The Atakur inscription (sometimes spelt Athakur, Athagur, Athkur, Atkur or Atukur) dated 949-950 C.E. is an inscribed memorial stone (hero stone) in classical Kannada composition. It was discovered at the Chelleshvara temple at Atakur village, about 23 km from Mandya, Karnataka, India. The "motion packed" sculptured hero stone describes two events in poetic Kannada; the battle between "Kali" the hound and a wild boar, and the victory of Rashtrakuta Emperor Krishna III over the Chola dynasty of Tanjore in the battle of Takkolam. According to historians I. K. Sarma and Singh, memorial stones for warriors are common in medieval India, but one erected in memory of an animal is considered unique.

==Content==
The many battles fought between the Rashtrakuta dynasty (with the support of their vassal King Butuga II of the Western Ganga Dynasty) and the Cholas of Tanjore have been the subject of many a medieval hero stone. It is known from this inscription, which is dated to 949-950 C.E (saka 872), that King Butuga II had a favorite hound called "Kali" which helped a warrior named Manlarata (or Manalera, an aid-de-camp of Butuga II) fight the Chola king Rajaditya on the battlefield. Manlarata, whom the inscription refers to as Valabhipuravaresvara ("Lord of Vallabhi"), was able to drive the Chola armies away while King Butuga II, riding an elephant on the battlefield, killed the Chola King. In the inscription, the Rashtrakuta Emperor Krishna III showers high praise on Butuga II for his achievement (the Neralige inscription illustrates in more detail the battle of Takkolam). Manalarata, whose valor is poetically described in the inscription, requested Butuga II to give him the brave hound in return for his exploits on the battlefield.

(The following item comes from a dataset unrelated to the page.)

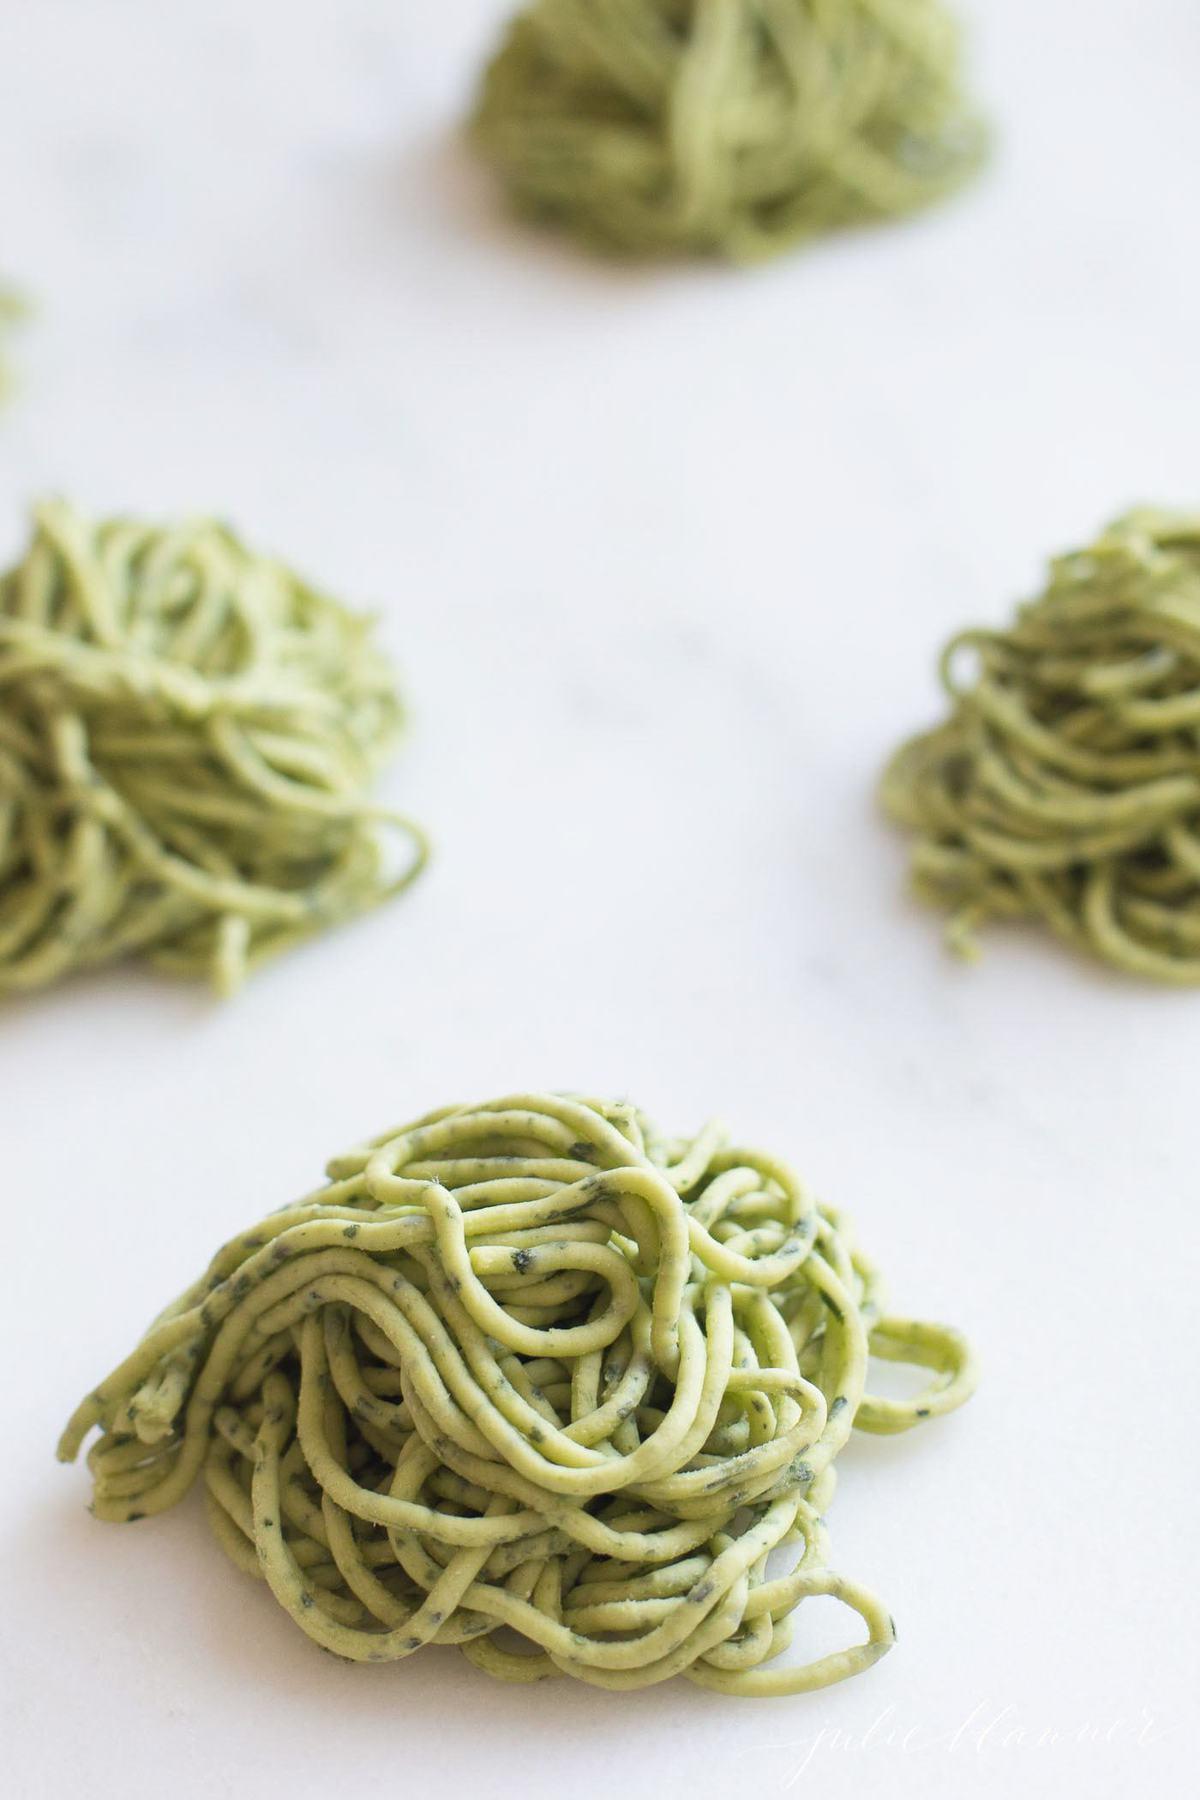 Uncooked arugula pasta in small piles

In a separate incident, during a hunt, the hound was involved in a fight with a wild boar in a trench near the village of Beltur, leading to the death of both animals in the conflict. This inscribed memorial stone was erected by a grief-stricken Manlarata in honor of the brave dog. The inscription warns the local priest (gorava) of "sin" if he were to have his food before "offering worship to the memorial stone". According to historian Shadakshari Settar, the gorava mentioned in the inscription is a Shaiva priest, whereas Ferdinand Kittel considers him a Shaiva mendicant. Commemorating his victory in battle, Emperor Krishna III gifted his vassal King Butuga II large areas of his kingdom, including the provinces of Banavasi-12000, Belavola-300, Purugere-300, Kisukad-70 and the Bagenad-70. Butuga II gifted his faithful warrior Manlarata the villages of Atakur-12 and Koteyur.